Быль
Учились два товарища…
Когда–то мы с ним вместе учились в «Универе» на Ленинских горах, – факультет философии, отделение Научного коммунизма (НК). Да, вот такое название. Преподаватели тогда, в 80–х верили в коммунизм, а когда им в 90-х сказали, мол не нужно верить – они перестали.
Якуб прилетел в Москву самолетом из Праги, я приехал в Москву поездом из деревни Веселая Новосибирской области. Я штудировал Маркса и Ленина, мой чешский товарищ – Шопенгауэра и Ницше.
И тогда я спросил его про kostnice (костехранилище по–нашему). Реакции на такой вопрос, как я представлял, бывают разными, но как отреагировал мой философский визави мне показалось странным, он начал петь и танцевать, показывая, что у него не голова, а череп, хотя и без показа, его полулысая голова напоминала экспонаты «костнице». Тараканов в голове Кубы (так я его называл) оказалось больше, чем полагалось студенту отделения НК.
Вдоволь наплясавшись, Якуб посмотрел вдаль, с девятнадцатого этажа общаги (на проспекте Вернадского это легко было сделать). А потом, не разворачиваясь спросил меня: «Интересуешься, марксист?».
Сцена как под копирку напомнила мне что-то типа разговора Ленина с Мартовым в Союзе борьбы за освобождение рабочего класса.
Но дальше измотанный танцем Куба свалился на диван и скрестив руки за головой начал свой рассказ издалека.
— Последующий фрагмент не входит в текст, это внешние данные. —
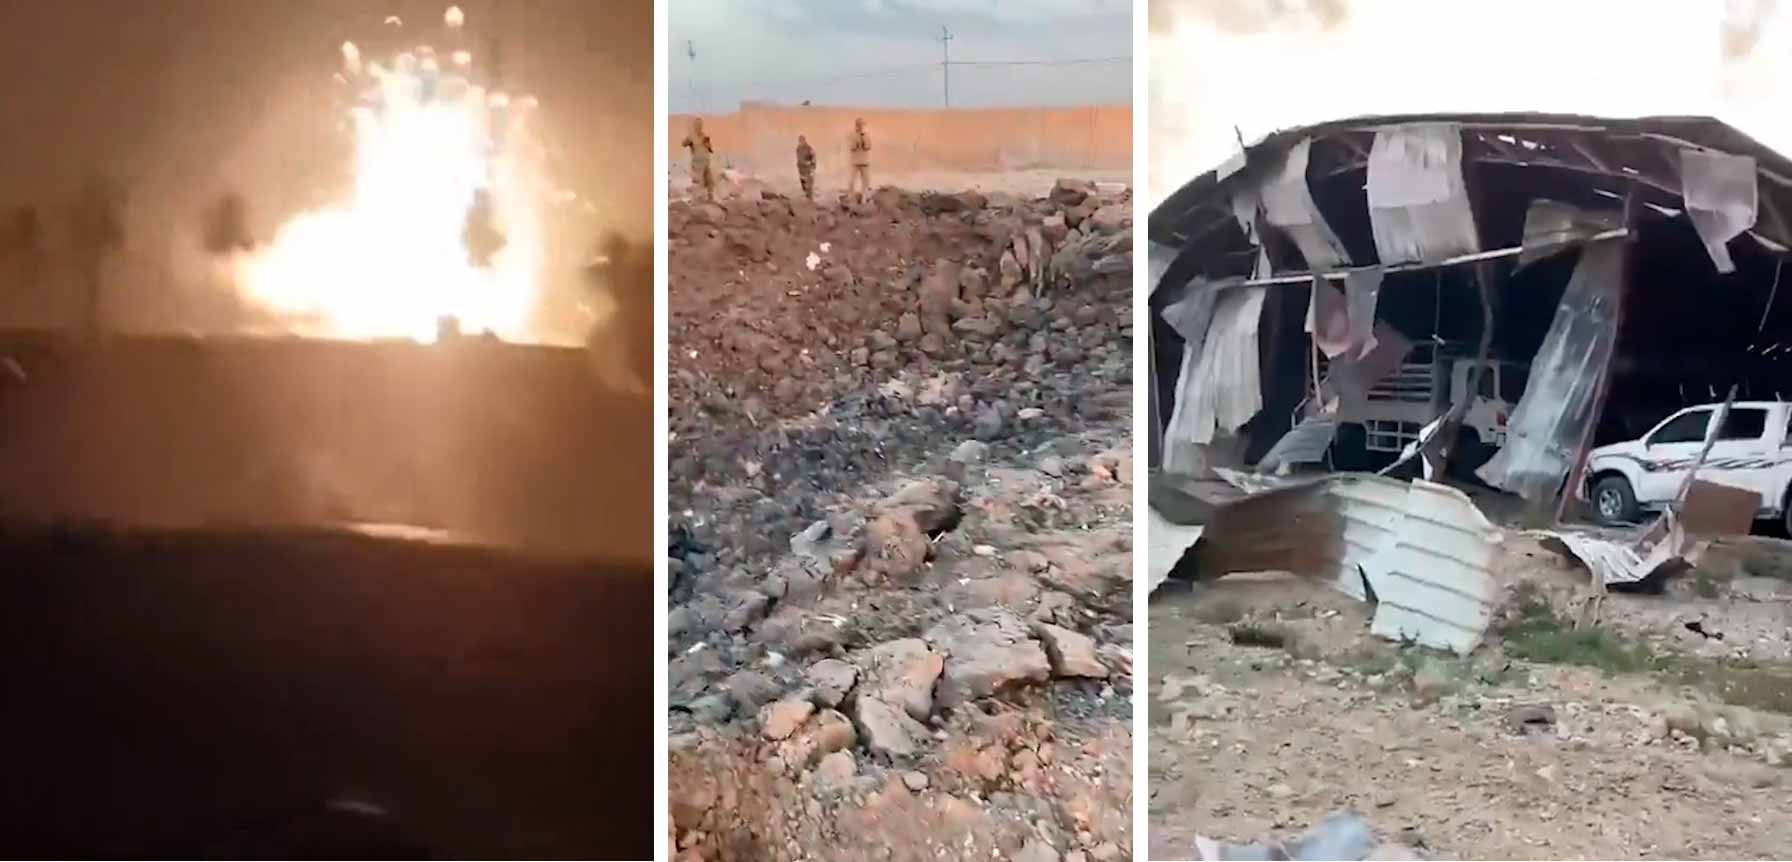 Vídeo: Ataques Aéreos Causam Devastação em Base das Forças de Mobilização Popular no Iraque. Foto e vídeo: Twitter @visegrad24

Тут не удержусь, чтобы не привести Горького, – вот, вдохновляйтесь на отрывок из «Старухи Изергиль»: «Я слышал эти рассказы под Аккерманом, в Бессарабии, на морском берегу. Однажды вечером, кончив дневной сбор винограда, партия молдаван, с которой я работал, ушла на берег моря, а я и старуха Изергиль остались под густой тенью виноградных лоз и, лежа на земле, молчали, глядя, как тают в голубой мгле ночи силуэты тех людей, что пошли к морю».
Теперь рассказ Якуба
У ворот кладбища села Седлеце я остановился и ждал своих спутниц, отставших после того, как мы вышли из автобуса, – понятное дело, один на кладбище я не спешил.
Тут старик и подошел! Я еще раньше заметил, он давно ко мне присматривается, подойдет-отойдет, суетится чего-то и чешется, как безумный. Он наверняка видел, как мы шагали с пражского поезда от станции Kutnа hora.
–Закурить? – я показал пачку сигарет.
– Мы на кладбище – курить нельзя.
Помолчали.
–Туристы не знают, зачем они приехали, – эту странную фразу старик проговорил как скороговорку и показал рукой на костел Всех Святых: – Это не экспонат.
С 13 века здесь хоронили людей сначала много знатных семей, потом в 1318–м чума укладывала всех подряд – больше тридцати тысяч, позже к ним добавилось «полтыщи» монахов, – погибли при сожжении монастыря гуситами. Это уже в 15 веке. Семь веков хоронят – под нами лежат сотни скелетов.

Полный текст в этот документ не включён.